-- Dataset excerpt follows --

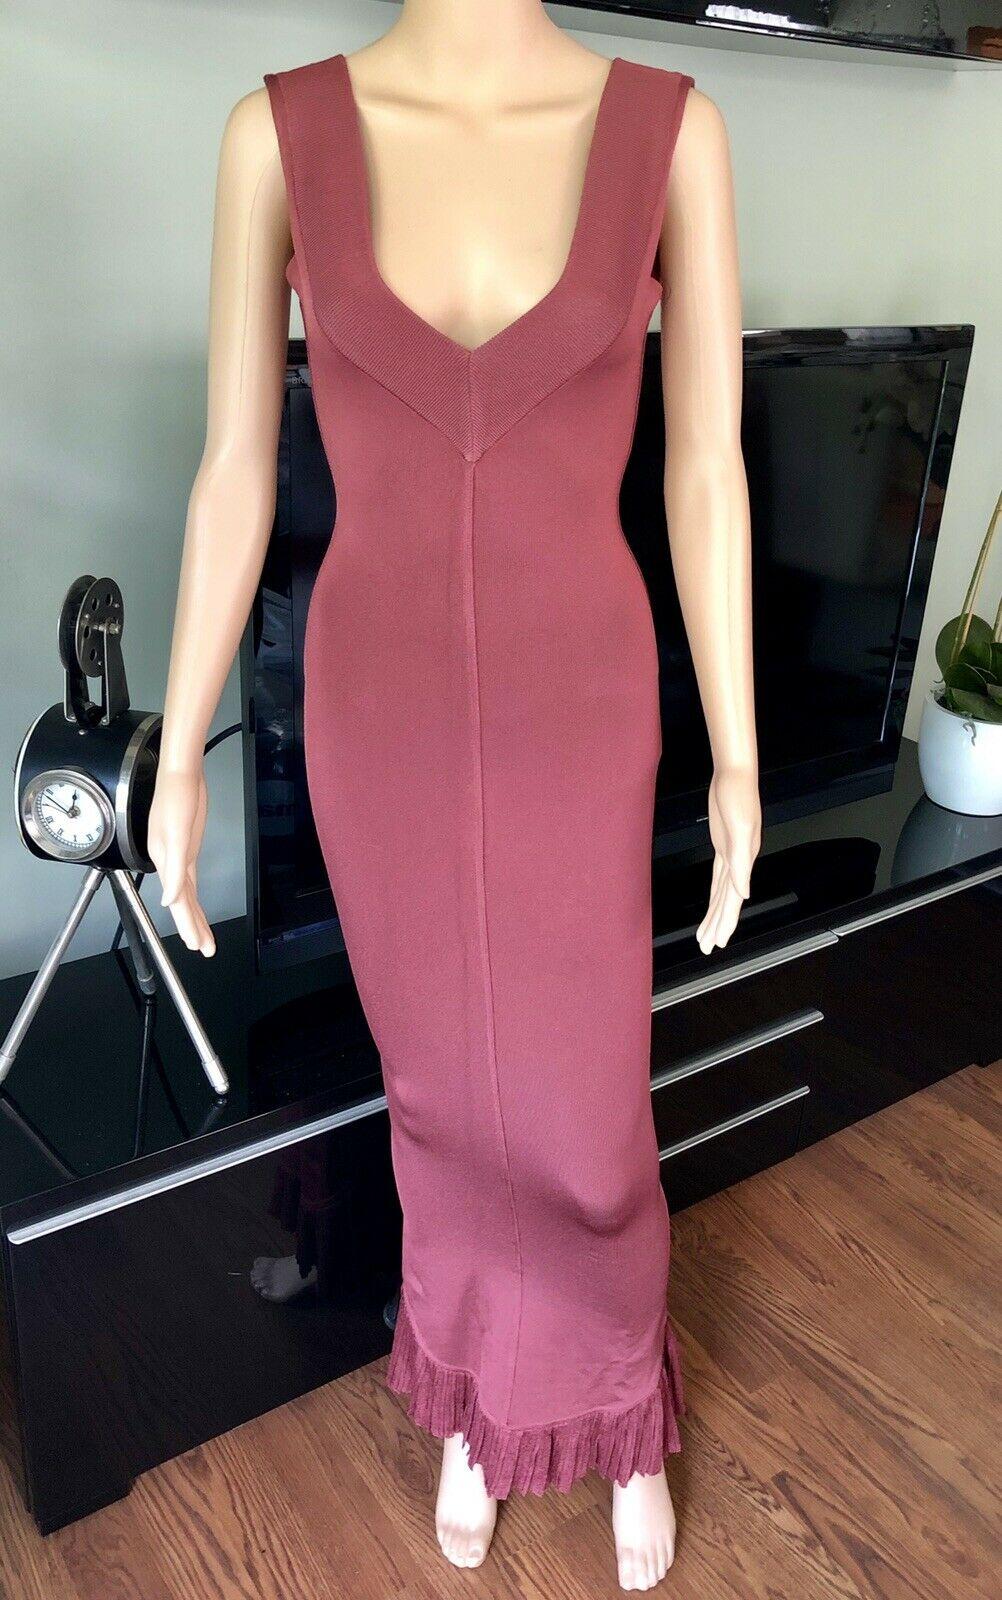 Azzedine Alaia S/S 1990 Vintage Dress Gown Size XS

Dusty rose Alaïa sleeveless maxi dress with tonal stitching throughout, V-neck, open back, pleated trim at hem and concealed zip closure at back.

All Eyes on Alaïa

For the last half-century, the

-- Dataset excerpt concluded --

What lines of the data include the word "Alaïa"? Copy each of them.

Reply to the task
Dusty rose Alaïa sleeveless maxi dress with tonal stitching throughout, V-neck, open back, pleated trim at hem and concealed zip closure at back.
All Eyes on Alaïa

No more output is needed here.